Nano Banana
Last reviewed
May 16, 2026
Sources
17 citations
Review status
Source-backed
Revision
v1 ยท 3,648 words
Improve this article
Add missing citations, update stale details, or suggest a clearer explanation.
Last reviewed
May 16, 2026
Sources
17 citations
Review status
Source-backed
Revision
v1 ยท 3,648 words
Add missing citations, update stale details, or suggest a clearer explanation.
Nano Banana is the popular nickname for Google's native image generation and editing model family, developed by Google DeepMind and integrated into the Gemini ecosystem. The name first appeared in August 2025, when an anonymous model labeled nano-banana started winning blind comparisons on the LMArena leaderboard for image editing. Google revealed the model's true identity on August 26, 2025, when it launched Gemini 2.5 Flash Image, the production version of the system that had been generating buzz in the community for roughly two weeks. The nickname stuck and Google eventually adopted it as the official branding for the consumer product line.

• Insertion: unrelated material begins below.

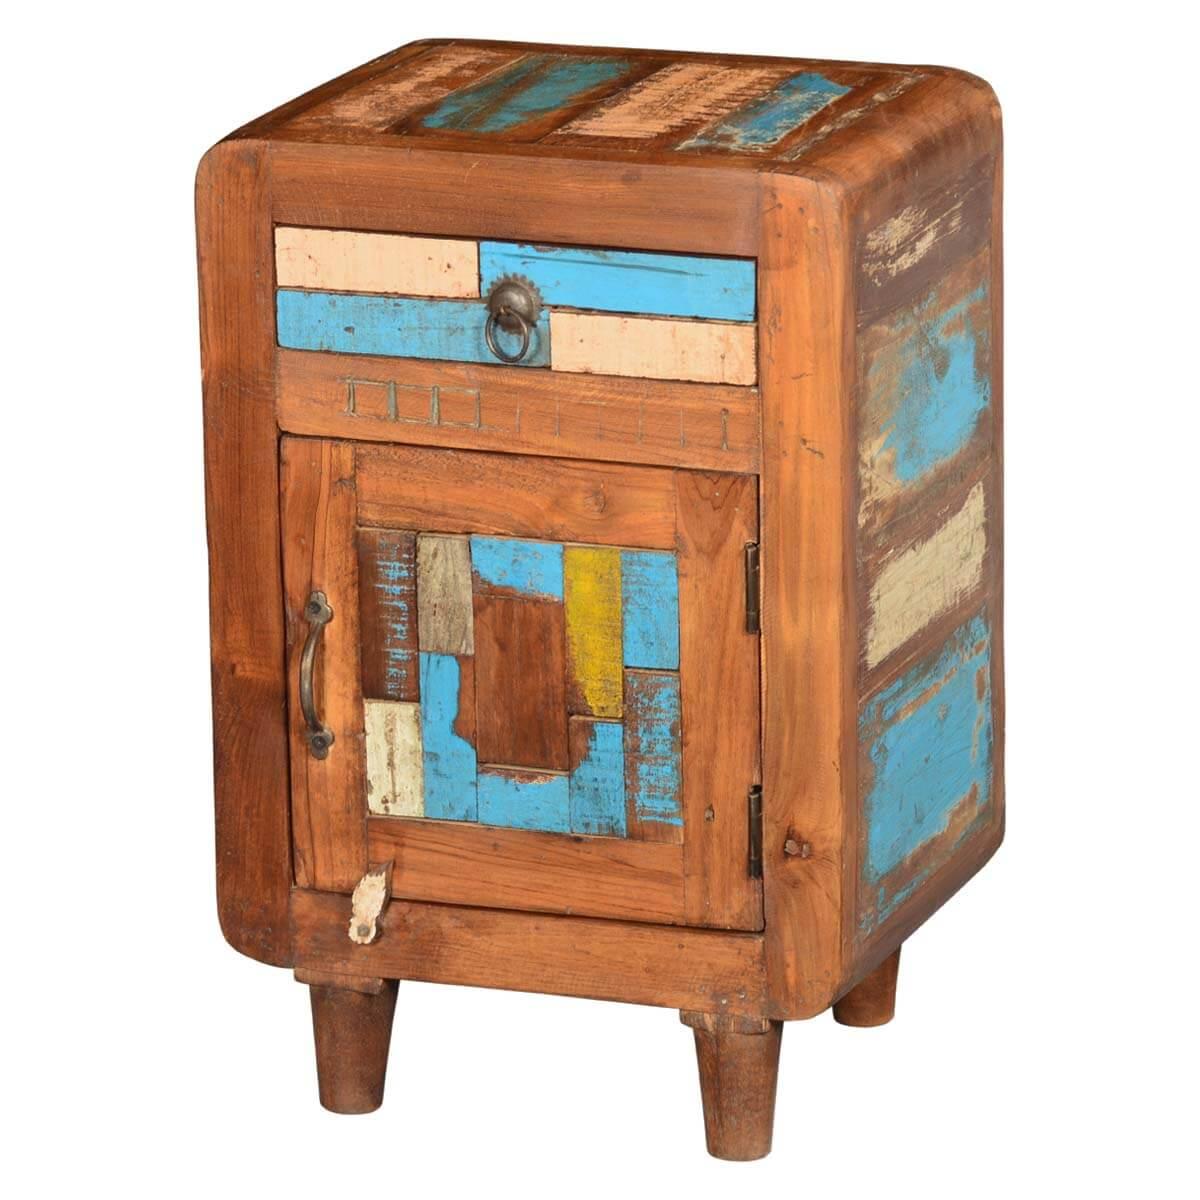 Azalia Rustic Reclaimed Wood 1 Drawer Bedside Nightstand

On November 20, 2025, Google released an upgraded successor branded as Nano Banana Pro, built on the larger Gemini 3 Pro reasoning model. The Pro variant added higher-resolution output (up to 4K), improved multilingual text rendering, support for blending up to 14 reference images into a single composition, and tighter character consistency across up to five subjects. Both models include invisible SynthID watermarks on every output, and the Pro model adds a visible Gemini sparkle watermark on free and mid-tier outputs.
The Nano Banana family is positioned as Google's direct competitor to GPT Image 1, FLUX.2, and Ideogram 3.0 in the native multimodal image generation space, and it sits alongside Google's standalone text-to-image model Imagen 4 in the company's overall image stack. While Imagen specializes in pure generation tasks, Nano Banana is built into the Gemini conversational interface and is optimized for iterative editing, character consistency, and image-grounded reasoning.

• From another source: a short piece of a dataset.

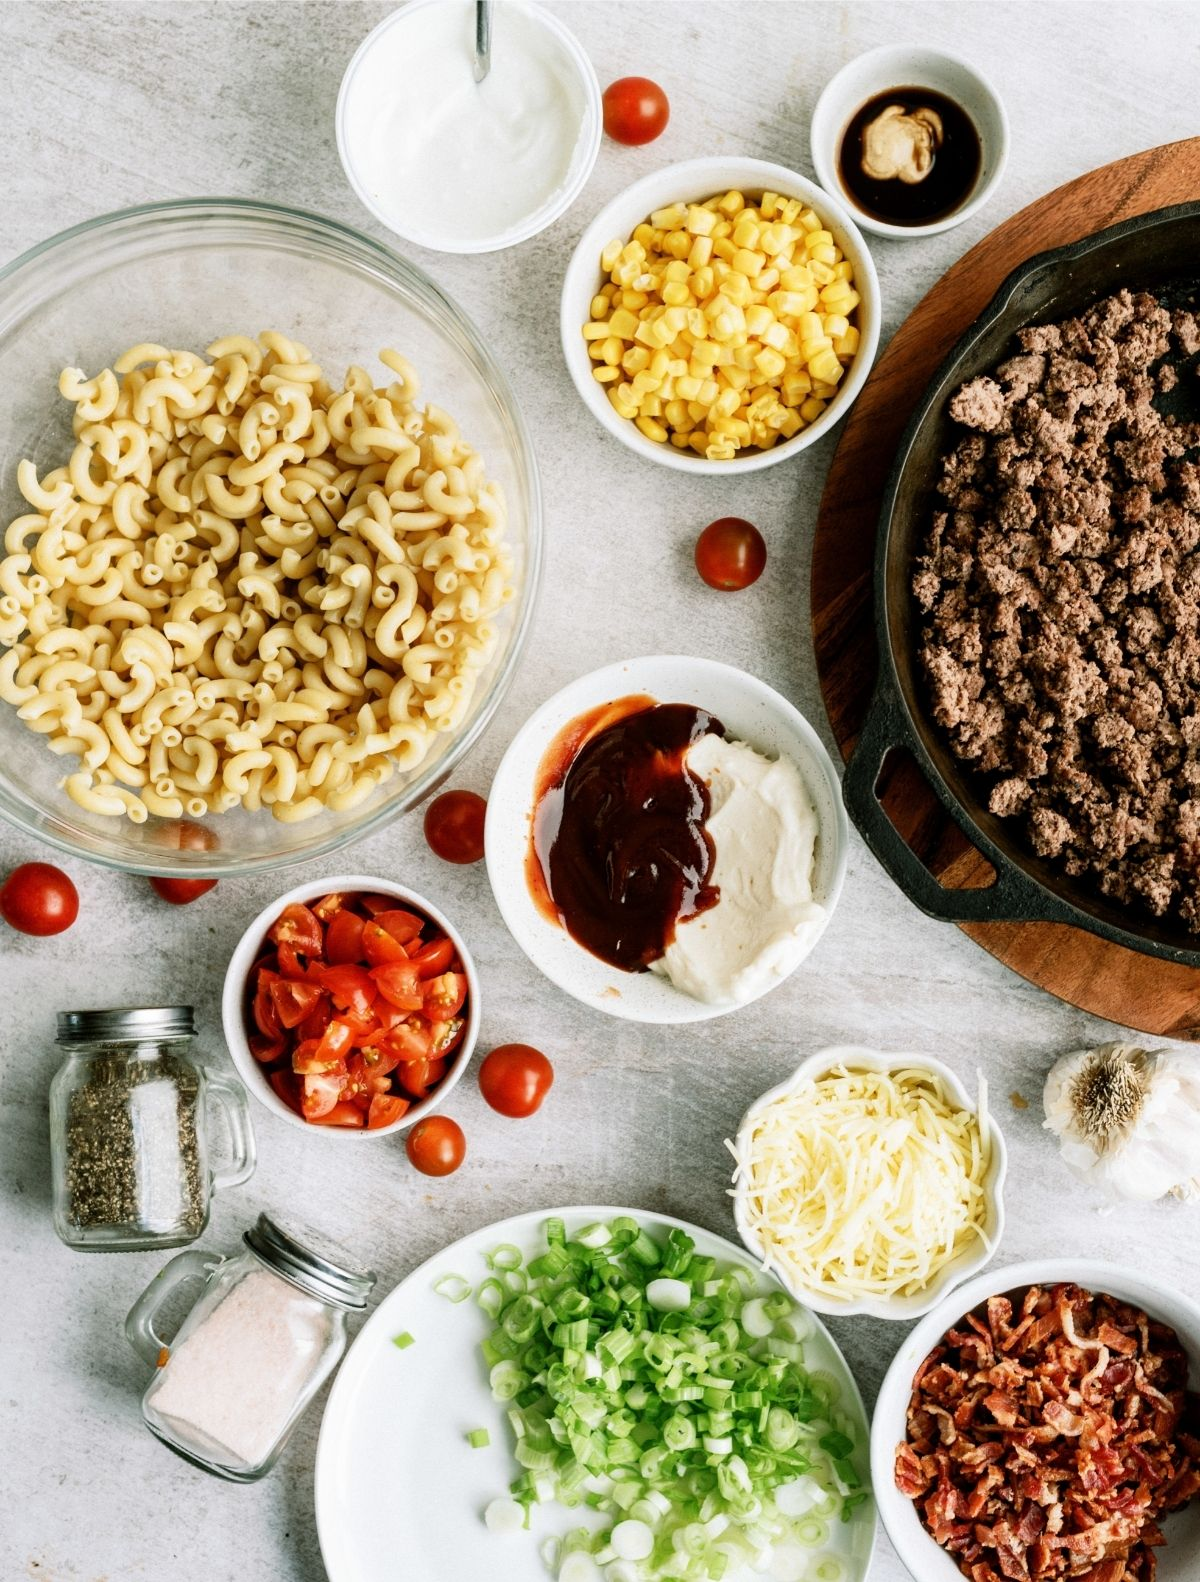 Ingredients for Cowboy Pasta Salad

| Attribute | Nano Banana (original) | Nano Banana Pro |
|---|---|---|
| Official model name | Gemini 2.5 Flash Image | Gemini 3 Pro Image |
| Developer | Google DeepMind | Google DeepMind |
| Public release | August 26, 2025 | November 20, 2025 |
| LMArena debut | August 12, 2025 (anonymous) | Not applicable |
| Underlying foundation | Gemini 2.5 Flash | Gemini 3 Pro |
| Maximum resolution | Standard (about 1K) | 1K, 2K, or 4K |
| Character consistency | Yes | Up to 5 characters |
| Multi-image input | Yes | Up to 14 objects per composition |
| Watermarking | SynthID (invisible) | SynthID plus visible Gemini sparkle on free and Pro tiers |
| Available aspect ratios | 1:1, 16:9, 9:16, others | 16:9, 4:3, 5:3, 1.85:1, 2.39:1, 2.75:1, 4:1, 9:16, 1:1 |
| API price per image (standard) | $0.039 | $0.134 (lower resolutions) |
| API price per image (4K) | Not applicable | $0.24 |
| API access | Gemini API, Google AI Studio, Vertex AI | Gemini API, Google AI Studio, Vertex AI |
Google had been building image generation capability into the Gemini product line throughout 2024 and early 2025, but the work was split across separate components. The Gemini app could call out to Imagen for text-to-image requests, and Gemini's vision tower could describe or analyze input images, but the two paths were not unified. That meant editing a generated image often required regenerating the whole picture from a new prompt, and the model could not reliably keep a character looking the same across multiple turns of a conversation.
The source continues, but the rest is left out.